Return every line of the data below, exactly.
##### Task input #####
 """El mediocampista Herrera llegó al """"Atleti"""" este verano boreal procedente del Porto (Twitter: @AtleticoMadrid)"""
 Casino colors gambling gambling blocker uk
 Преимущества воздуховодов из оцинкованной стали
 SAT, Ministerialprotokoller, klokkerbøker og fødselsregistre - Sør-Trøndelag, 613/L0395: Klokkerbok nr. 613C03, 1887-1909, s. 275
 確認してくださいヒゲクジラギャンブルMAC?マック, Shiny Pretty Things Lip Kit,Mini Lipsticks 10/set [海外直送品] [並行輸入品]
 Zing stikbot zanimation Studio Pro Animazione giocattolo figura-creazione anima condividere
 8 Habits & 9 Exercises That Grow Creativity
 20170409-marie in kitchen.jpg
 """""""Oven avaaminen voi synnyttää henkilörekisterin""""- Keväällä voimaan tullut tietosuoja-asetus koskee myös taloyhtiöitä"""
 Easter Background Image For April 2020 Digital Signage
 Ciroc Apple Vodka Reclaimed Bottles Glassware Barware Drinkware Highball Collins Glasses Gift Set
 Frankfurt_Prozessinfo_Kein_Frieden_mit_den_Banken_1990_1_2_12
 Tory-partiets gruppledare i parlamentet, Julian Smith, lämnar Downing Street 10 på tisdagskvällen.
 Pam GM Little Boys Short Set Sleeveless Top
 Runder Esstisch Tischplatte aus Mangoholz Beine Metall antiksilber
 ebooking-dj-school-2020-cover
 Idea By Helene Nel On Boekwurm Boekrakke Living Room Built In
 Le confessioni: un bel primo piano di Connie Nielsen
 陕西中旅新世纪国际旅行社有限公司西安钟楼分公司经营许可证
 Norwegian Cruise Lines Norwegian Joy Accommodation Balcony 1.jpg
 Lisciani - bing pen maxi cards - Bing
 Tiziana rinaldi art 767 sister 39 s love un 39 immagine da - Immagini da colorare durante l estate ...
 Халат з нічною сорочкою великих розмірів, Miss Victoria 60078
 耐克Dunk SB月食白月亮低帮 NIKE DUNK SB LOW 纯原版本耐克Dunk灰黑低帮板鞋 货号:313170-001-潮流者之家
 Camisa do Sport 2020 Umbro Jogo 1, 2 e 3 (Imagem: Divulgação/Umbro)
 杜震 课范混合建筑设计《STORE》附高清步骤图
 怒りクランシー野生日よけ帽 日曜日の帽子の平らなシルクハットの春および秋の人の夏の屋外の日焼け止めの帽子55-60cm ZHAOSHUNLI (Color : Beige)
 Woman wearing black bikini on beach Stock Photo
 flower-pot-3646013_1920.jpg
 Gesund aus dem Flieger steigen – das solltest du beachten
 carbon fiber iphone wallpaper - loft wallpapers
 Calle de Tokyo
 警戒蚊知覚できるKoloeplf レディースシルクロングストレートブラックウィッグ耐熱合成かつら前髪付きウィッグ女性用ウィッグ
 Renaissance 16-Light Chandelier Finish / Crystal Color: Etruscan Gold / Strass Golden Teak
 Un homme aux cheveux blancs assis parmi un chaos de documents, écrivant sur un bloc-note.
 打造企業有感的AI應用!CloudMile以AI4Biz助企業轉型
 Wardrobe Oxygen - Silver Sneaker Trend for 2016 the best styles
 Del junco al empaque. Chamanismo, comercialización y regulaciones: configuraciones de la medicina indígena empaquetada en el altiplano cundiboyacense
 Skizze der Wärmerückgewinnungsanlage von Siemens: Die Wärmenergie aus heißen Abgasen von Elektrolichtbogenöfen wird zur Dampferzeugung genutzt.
#####
> **Completed exercise**:
 """El mediocampista Herrera llegó al """"Atleti"""" este verano boreal procedente del Porto (Twitter: @AtleticoMadrid)"""
 Casino colors gambling gambling blocker uk
 Преимущества воздуховодов из оцинкованной стали
 SAT, Ministerialprotokoller, klokkerbøker og fødselsregistre - Sør-Trøndelag, 613/L0395: Klokkerbok nr. 613C03, 1887-1909, s. 275
 確認してくださいヒゲクジラギャンブルMAC?マック, Shiny Pretty Things Lip Kit,Mini Lipsticks 10/set [海外直送品] [並行輸入品]
 Zing stikbot zanimation Studio Pro Animazione giocattolo figura-creazione anima condividere
 8 Habits & 9 Exercises That Grow Creativity
 20170409-marie in kitchen.jpg
 """""""Oven avaaminen voi synnyttää henkilörekisterin""""- Keväällä voimaan tullut tietosuoja-asetus koskee myös taloyhtiöitä"""
 Easter Background Image For April 2020 Digital Signage
 Ciroc Apple Vodka Reclaimed Bottles Glassware Barware Drinkware Highball Collins Glasses Gift Set
 Frankfurt_Prozessinfo_Kein_Frieden_mit_den_Banken_1990_1_2_12
 Tory-partiets gruppledare i parlamentet, Julian Smith, lämnar Downing Street 10 på tisdagskvällen.
 Pam GM Little Boys Short Set Sleeveless Top
 Runder Esstisch Tischplatte aus Mangoholz Beine Metall antiksilber
 ebooking-dj-school-2020-cover
 Idea By Helene Nel On Boekwurm Boekrakke Living Room Built In
 Le confessioni: un bel primo piano di Connie Nielsen
 陕西中旅新世纪国际旅行社有限公司西安钟楼分公司经营许可证
 Norwegian Cruise Lines Norwegian Joy Accommodation Balcony 1.jpg
 Lisciani - bing pen maxi cards - Bing
 Tiziana rinaldi art 767 sister 39 s love un 39 immagine da - Immagini da colorare durante l estate ...
 Халат з нічною сорочкою великих розмірів, Miss Victoria 60078
 耐克Dunk SB月食白月亮低帮 NIKE DUNK SB LOW 纯原版本耐克Dunk灰黑低帮板鞋 货号:313170-001-潮流者之家
 Camisa do Sport 2020 Umbro Jogo 1, 2 e 3 (Imagem: Divulgação/Umbro)
 杜震 课范混合建筑设计《STORE》附高清步骤图
 怒りクランシー野生日よけ帽 日曜日の帽子の平らなシルクハットの春および秋の人の夏の屋外の日焼け止めの帽子55-60cm ZHAOSHUNLI (Color : Beige)
 Woman wearing black bikini on beach Stock Photo
 flower-pot-3646013_1920.jpg
 Gesund aus dem Flieger steigen – das solltest du beachten
 carbon fiber iphone wallpaper - loft wallpapers
 Calle de Tokyo
 警戒蚊知覚できるKoloeplf レディースシルクロングストレートブラックウィッグ耐熱合成かつら前髪付きウィッグ女性用ウィッグ
 Renaissance 16-Light Chandelier Finish / Crystal Color: Etruscan Gold / Strass Golden Teak
 Un homme aux cheveux blancs assis parmi un chaos de documents, écrivant sur un bloc-note.
 打造企業有感的AI應用!CloudMile以AI4Biz助企業轉型
 Wardrobe Oxygen - Silver Sneaker Trend for 2016 the best styles
 Del junco al empaque. Chamanismo, comercialización y regulaciones: configuraciones de la medicina indígena empaquetada en el altiplano cundiboyacense
 Skizze der Wärmerückgewinnungsanlage von Siemens: Die Wärmenergie aus heißen Abgasen von Elektrolichtbogenöfen wird zur Dampferzeugung genutzt.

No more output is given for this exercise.